Portugal 1 Sweden 0: Ronaldo edges clash of the titans
The compelling thing about truly great footballers is that you can never take your eyes off them.
On Friday night Cristiano Ronaldo proved that point, toiling gallantly but fruitlessly for 80 minutes before finally intervening to almost win this two-legged tie all on his own right at the death.
With 10 minutes left to play at an anxious Estadio da Luz, Ronaldo and his Portugal team seemed bound for the return game in Stockholm on Tuesday night with the weight of the world on their shoulders, so unconvincing had their attempts to win this game been.
But then Ronaldo appeared to head the winning goal in to the corner before crashing another effort against the crossbar.

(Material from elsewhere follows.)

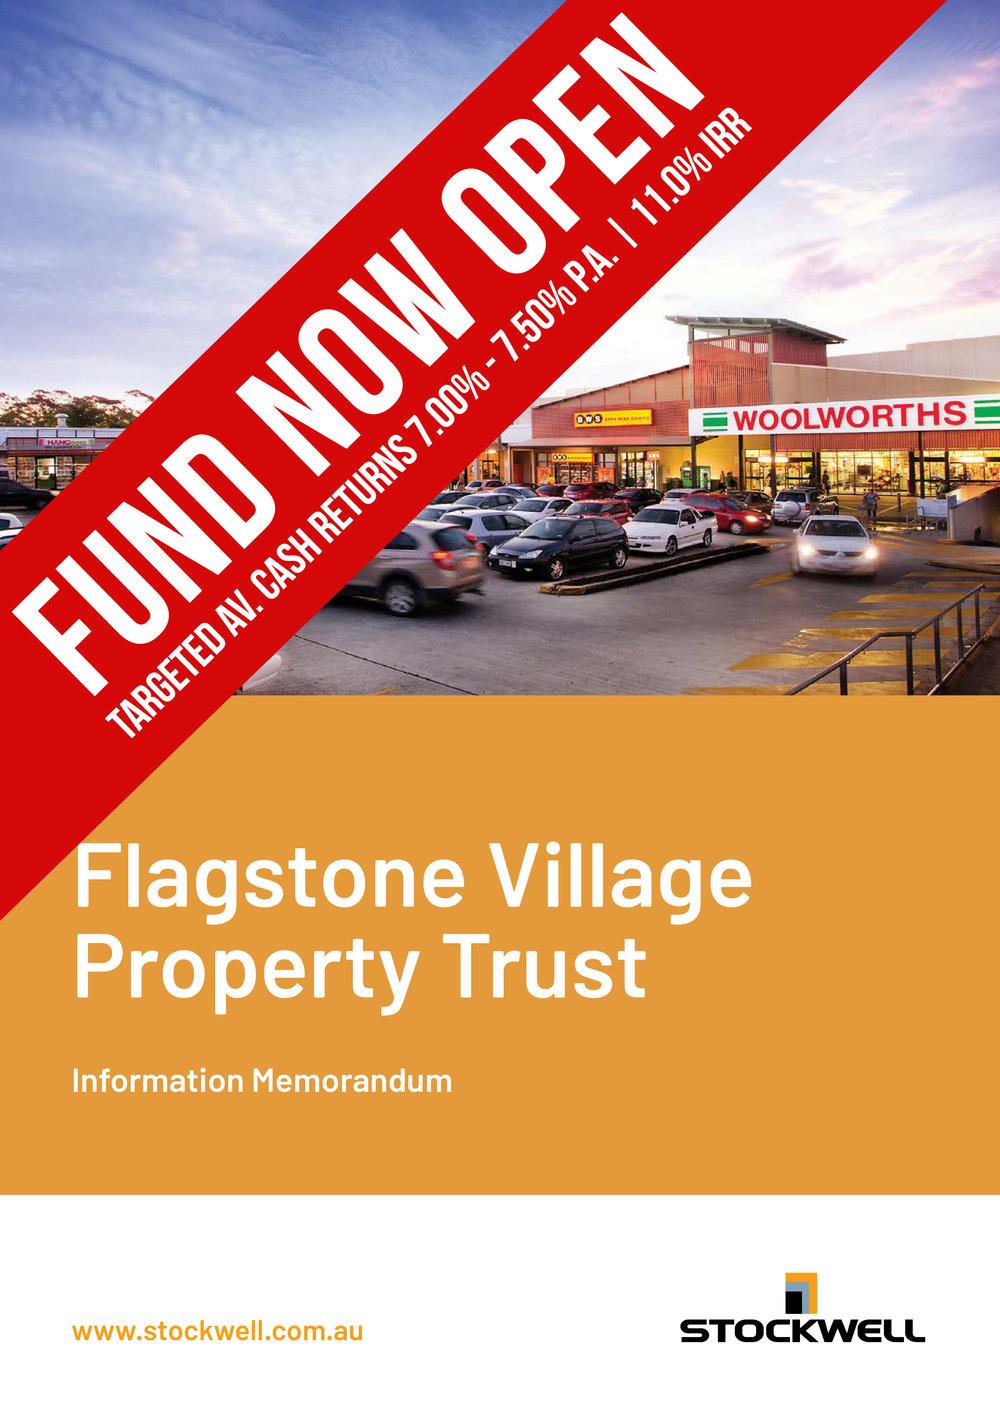 Flagstone village property trust

In two moments of simple authority, the Portuguese captain wrote his name across this tie and ensured that his nation can still hope of a place in the World Cup Finals in Brazil next summer.
Certainly Portugal will have to play a little better than this in the second game. Paulo Bento’s team enjoyed a great deal of possession but didn’t always look as they knew what they wanted to do with it. Sweden, on the other hand, looked dangerous on the break and will certainly be capable of turning this round at home next week.
Their own captain and talisman, the moody Zlatan Ibrahimovic, struggled to get in to the game but that will not be the case on Tuesday and that may worry a Portuguese defence that managed to concede three goals in one game to Israel during qualifying.
Nevertheless, we can wait until Tuesday for the second half of this script to be written. This, ultimately, was Ronaldo’s night and his winning goal was certainly an eye-catching affair as he dived across Martin Olsson to head the ball in to the corner past Andreas Isaksson from a Miguel Veloso cross.
Just a few minutes earlier, Ronaldo had been involved in a rather ugly clash with Isaksson and was booked after leaving his foot in on the Manchester City goalkeeper. Not long after he seemed to push his forehead in to the face of full-back Mikael Lustig. A sign of growing frustration certainly.
By the end, though, Ronaldo had come close to exacting his revenge not once but twice as another header — this time from a Hugo Almeida cross — came back off the frame of the goal. Ronaldo reacted to that disappointment by clasping his hands to his head. He, after all, knew what we all knew, namely that he had been inches away from dumping Sweden on the canvas for good.
As it is, this tie is finely balanced and perhaps it will be on Tuesday that we will see the real clash between Ronaldo and Ibrahimovic. Certainly it didn’t materialise here.
Ibrahimovic did contribute one sublime moment, selling the Portuguese defence a dummy on the edge of the penalty area in the 20th minute that gave Sebastian Larsson the chance to drive Sweden’s best chance of the game towards the corner where Rui Patricio saved.
It may sound peculiar that the PSG forward’s most memorable contribution came without him actually touching the ball but, with Sweden contained almost exclusively in their own half during the second period, it was always going to be hard for Ibrahimovic to influence the game. Anyway, that dummy alone was sumptuous enough to have hordes of young Swedish boys heading for their back yards on Friday night to try and work out how on earth he did it.
That the Swedes had no actual goals to reflect on will disappoint them. Certainly in the first half they had their moments, Johan Elmander poking a superb Lustig cross inches wide early on and Kim Kallstrom curling a good free-kick narrowly wide from 20 yards a little later on.
Had one of those efforts gone in then it would have been interesting to see what would have come of Portugal. Certainly they looked unsecure at the back — where Pepe and Bruno Alves look an unconvincing pairing — and Ibrahimovic and the rather more industrious Elmander will look to exploit that next week.
The chances are that Portugal will need to score again in Sweden to go through. Players like Raul Meireles and Joao Moutinho — both sporadically impressive on Friday — will be key to the Iberian cause but once again the Portuguese will look to one man for their real inspiration.
With Ronaldo, Portugal are a distinctly average team. Without him, they would perhaps amount to very little at all.